As women, why do we do this? Why do we compare ourselves?

Ironically, I’ve been advising my daughters through similar things. Growing up in public school really was like the scene in Mean Girls when the students are acting like animals in the wild, either on the prowl, on the defensive, or tearing someone to pieces. That was definitely the subtext of my childhood education. When girls meet someone they are intimidated by, they either avoid them, grovel, or become their best friend just to keep them close. I thought by homeschooling my children, they wouldn’t encounter that kind of behavior. While they’re not immersed in it, I’m actually really thankful they get glimpses of it in social situations. It’s interesting to see how they react, how it stabs them to the quick, but how easy it is to fall prey to petty behavior. I’ve seen them leave a social situation and, as though having been in a girl-world-trance, break out of it with shock and confusion about how they acted, or at having been injured by another girl’s behavior.  Why and how did that happen? their bewildered faces say. Because you’re a lady-human, I reply. And we have to consciously choose charity every moment of our lives.

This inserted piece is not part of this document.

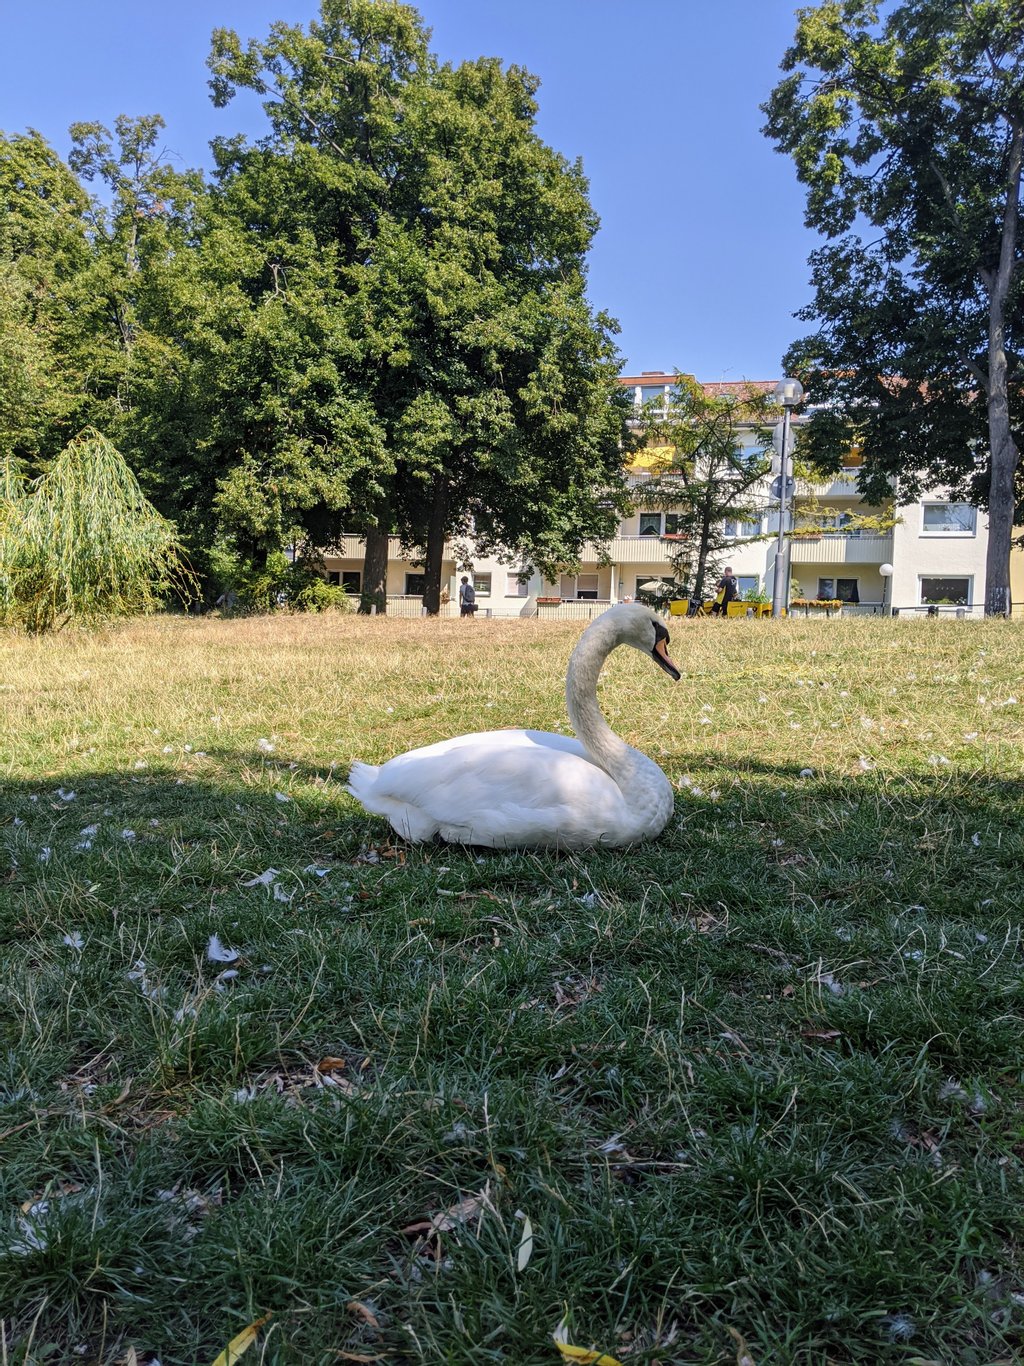 Swan and shade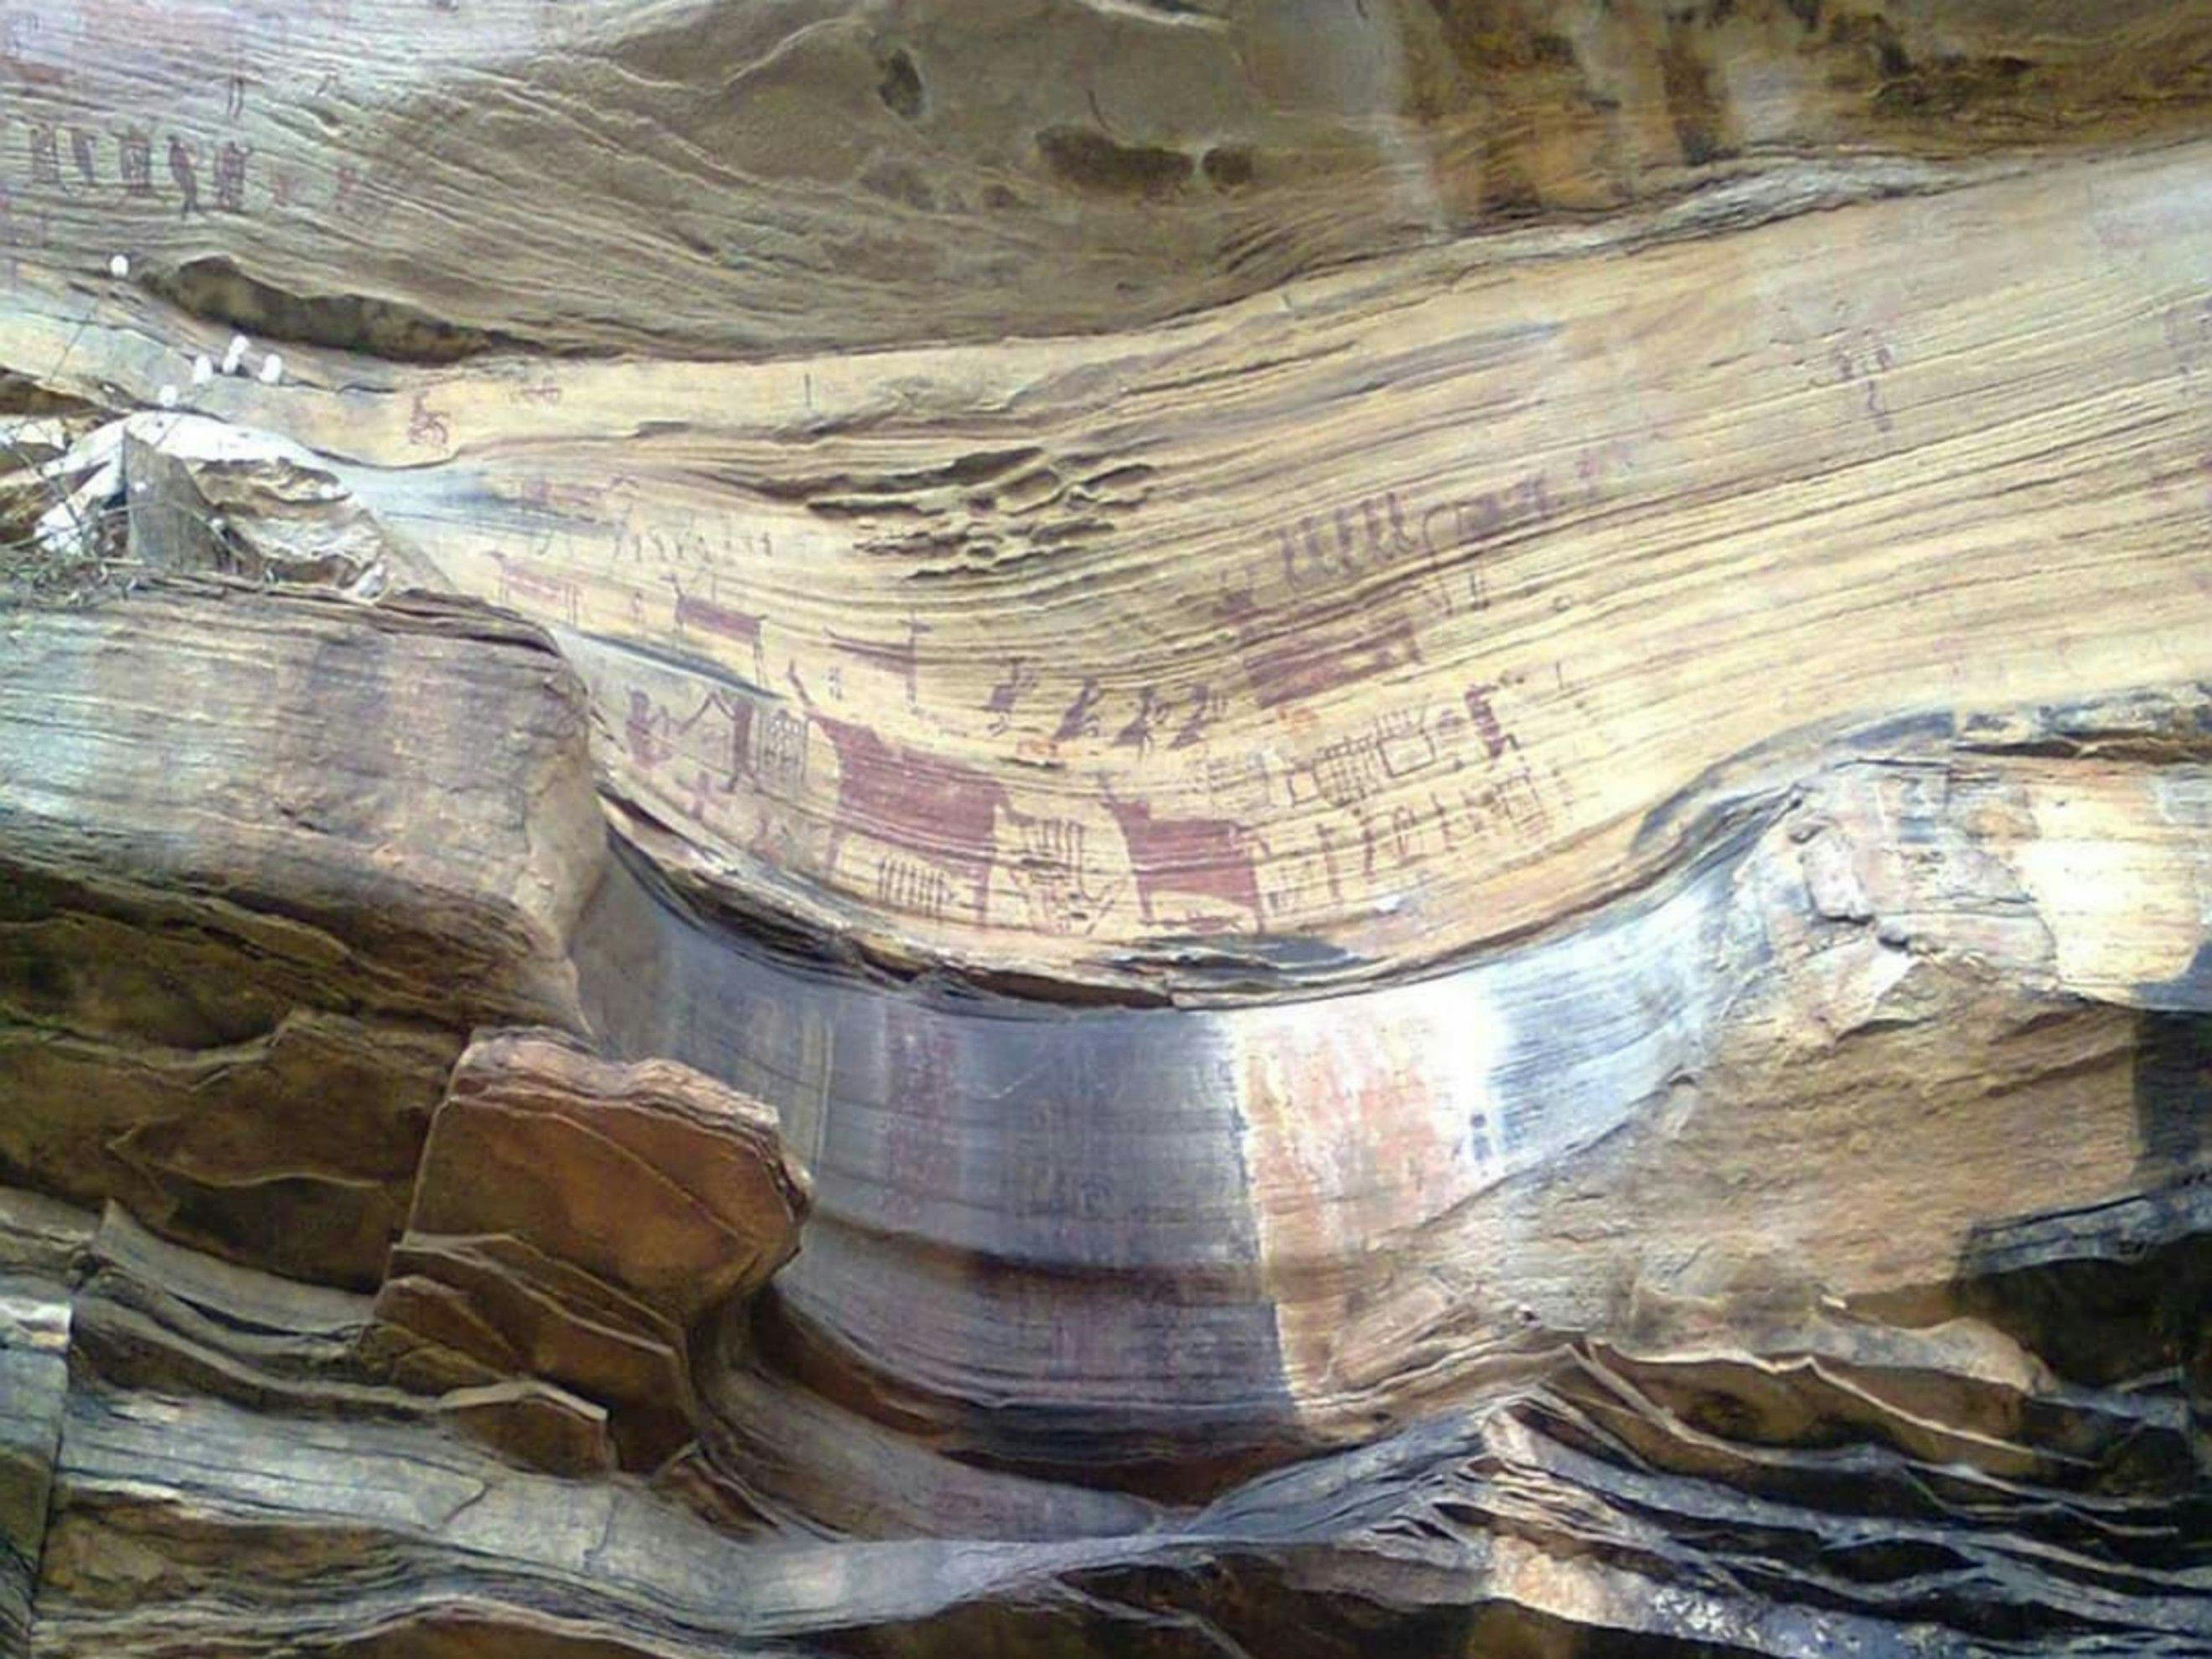 Cave paintings at Ghorawal Rock Shelter, Mukkha Falls

St. Teresa Benedicta of the Cross famously wrote, “The world doesn’t need what women have, it needs what women are.” We nurture and cultivate life, we care for and draw out the individual, we seek out the heart and connect it to all aspects of living. This is certainly true in the reverse: the malice we are capable of on a personal, intimate level can be destructive. It’s the kind of harm that breaks down a person piece by piece from the inside, chipping away little by little. But when we, as women, use our personal insight to encourage and build up a person, the result is truly remarkable. Instead of reading another woman like a Pinterest-board and seeing all the things we aren’t or don’t have, we can thank God that amazing person exists in the world. (Because, honestly, the world would undoubtedly be a better place with more tap-dancing, singing, ukulele-playing Ann Millers.)